- **TASK OBJECTIVE**
Emit a verbatim copy of the lines below from the line with "Plateau de table" through the line with "#terrasse #garten #cocktail", excluding pictures and everything outside that range.

- **DATASET RECORDS**
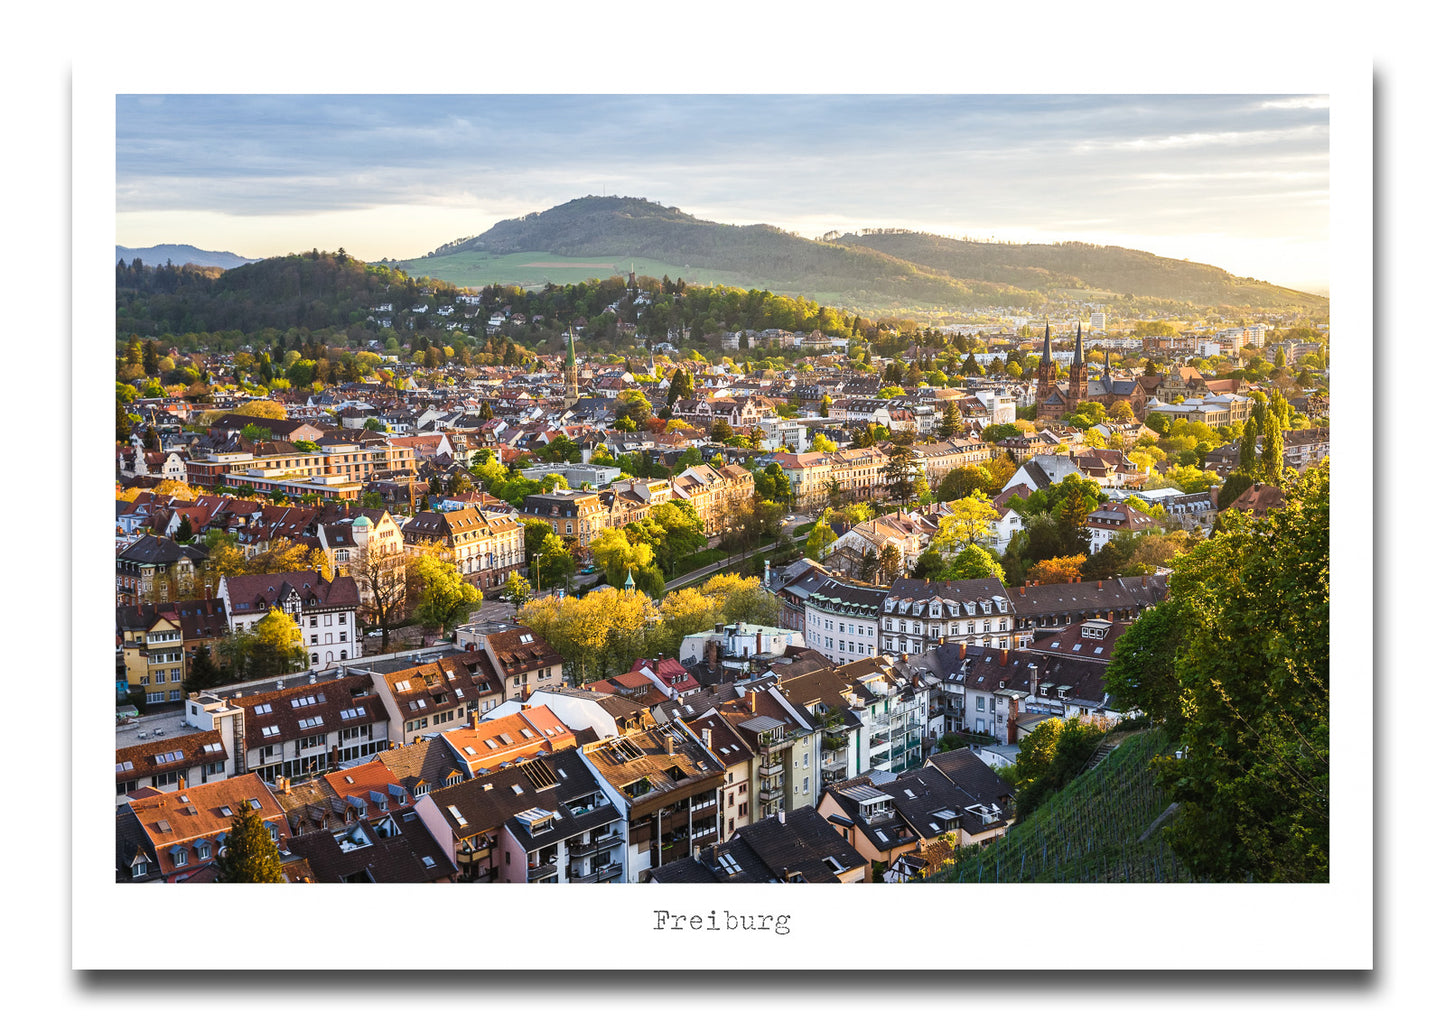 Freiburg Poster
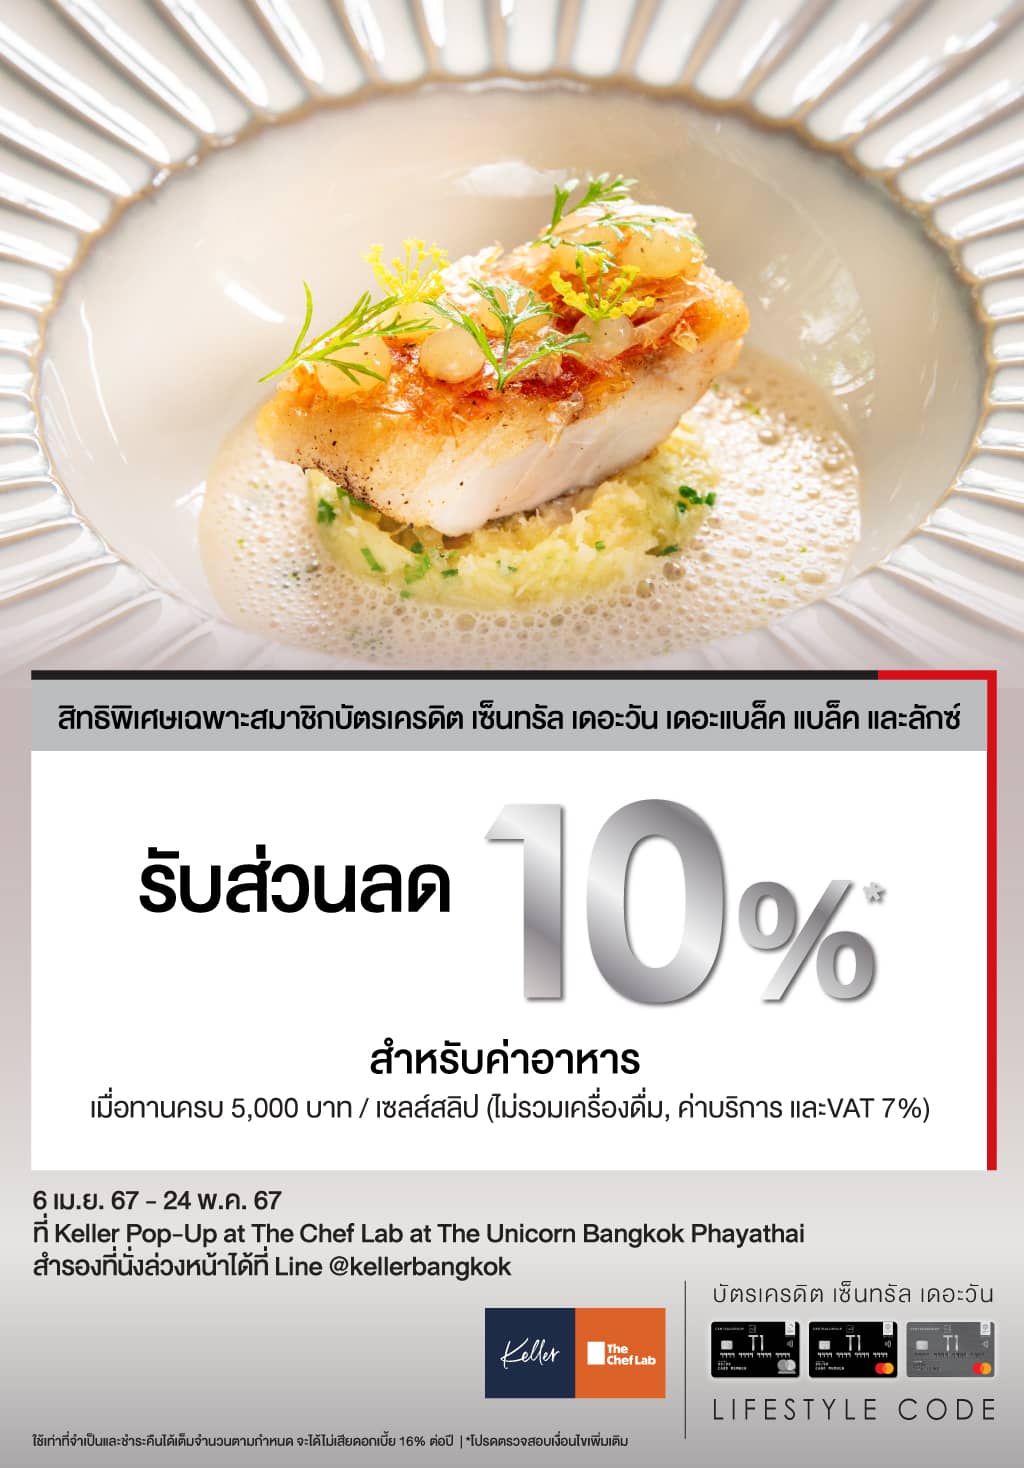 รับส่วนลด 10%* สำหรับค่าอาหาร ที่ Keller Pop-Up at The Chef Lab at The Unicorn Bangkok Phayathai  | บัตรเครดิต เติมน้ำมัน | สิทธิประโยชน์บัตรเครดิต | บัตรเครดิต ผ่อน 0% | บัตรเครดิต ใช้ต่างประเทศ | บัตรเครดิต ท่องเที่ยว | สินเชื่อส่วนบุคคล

* * *

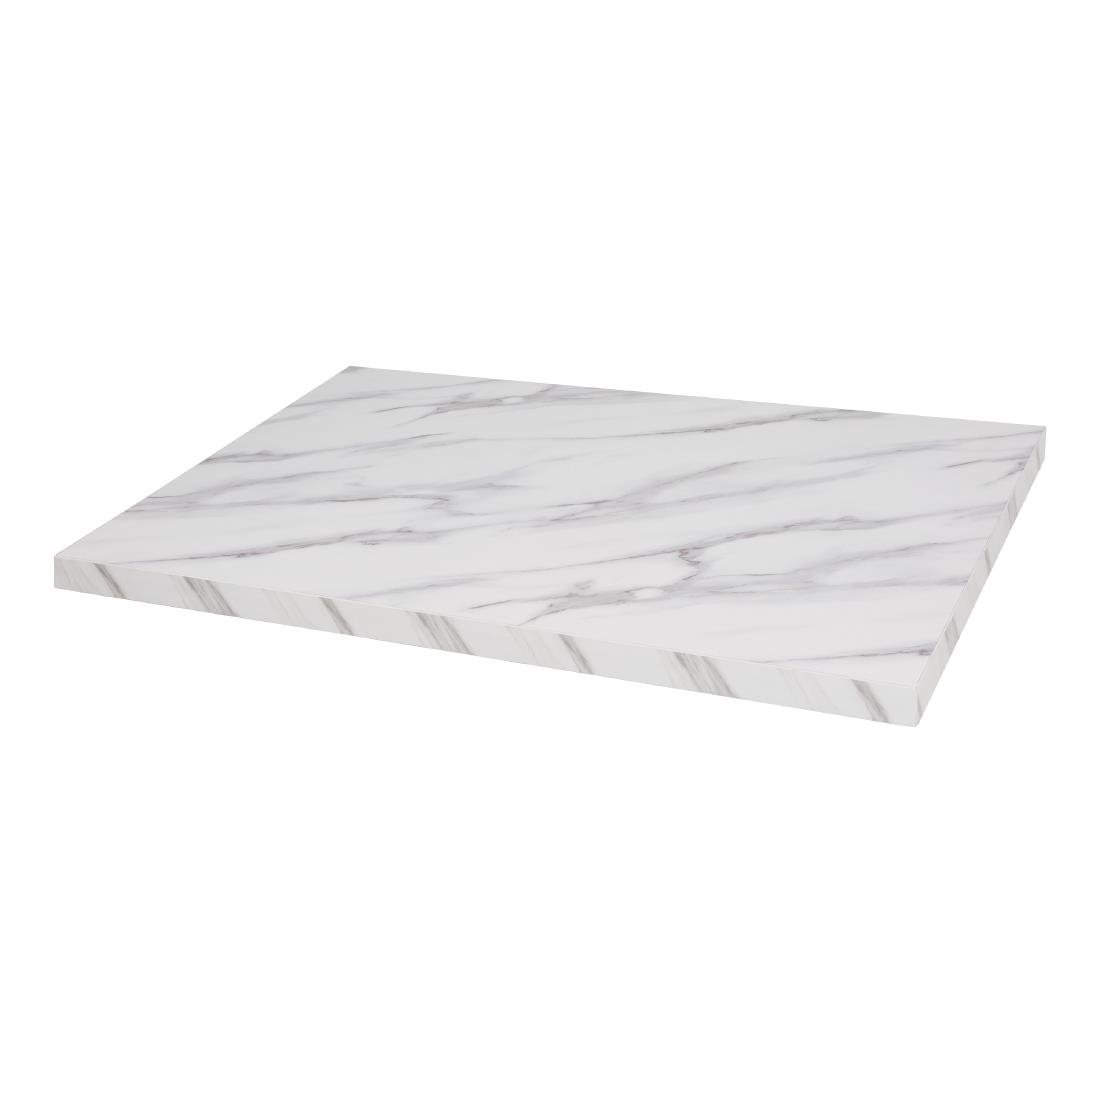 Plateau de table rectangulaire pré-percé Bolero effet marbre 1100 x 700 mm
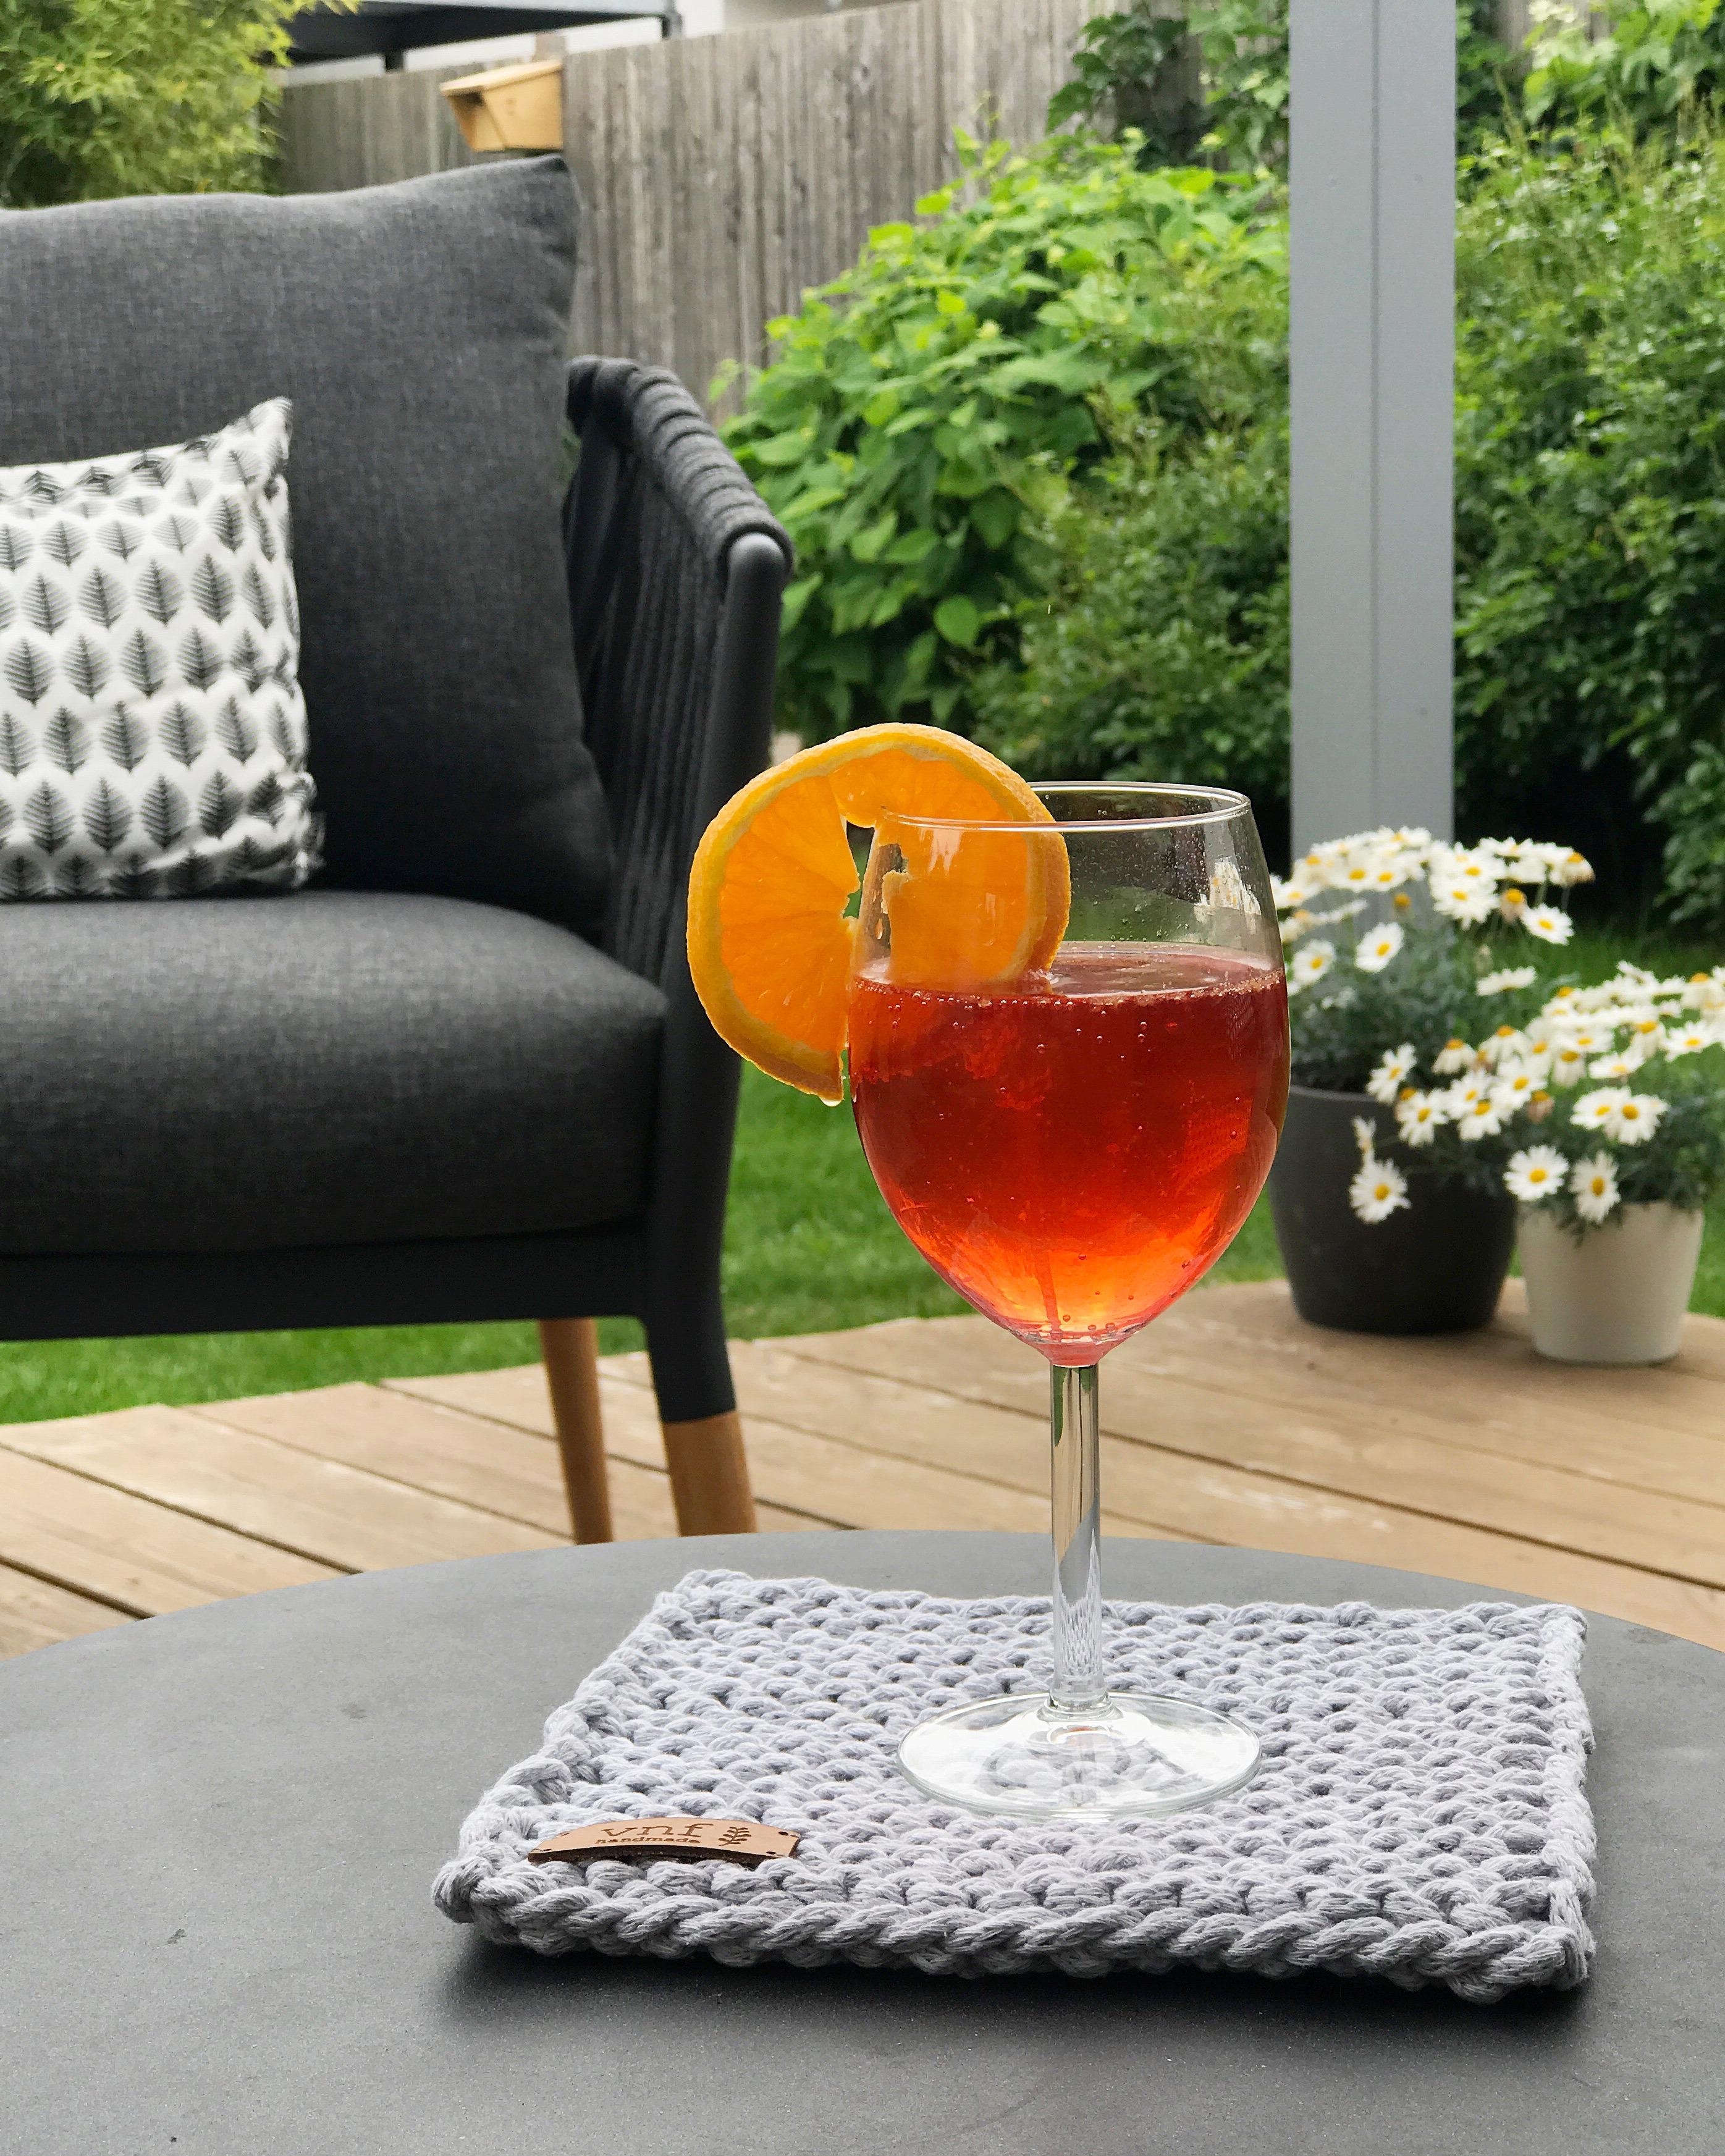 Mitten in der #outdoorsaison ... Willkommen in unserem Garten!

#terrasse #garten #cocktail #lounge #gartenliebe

- **REPLY**
 Plateau de table rectangulaire pré-percé Bolero effet marbre 1100 x 700 mm
 Mitten in der #outdoorsaison ... Willkommen in unserem Garten!

#terrasse #garten #cocktail #lounge #gartenliebe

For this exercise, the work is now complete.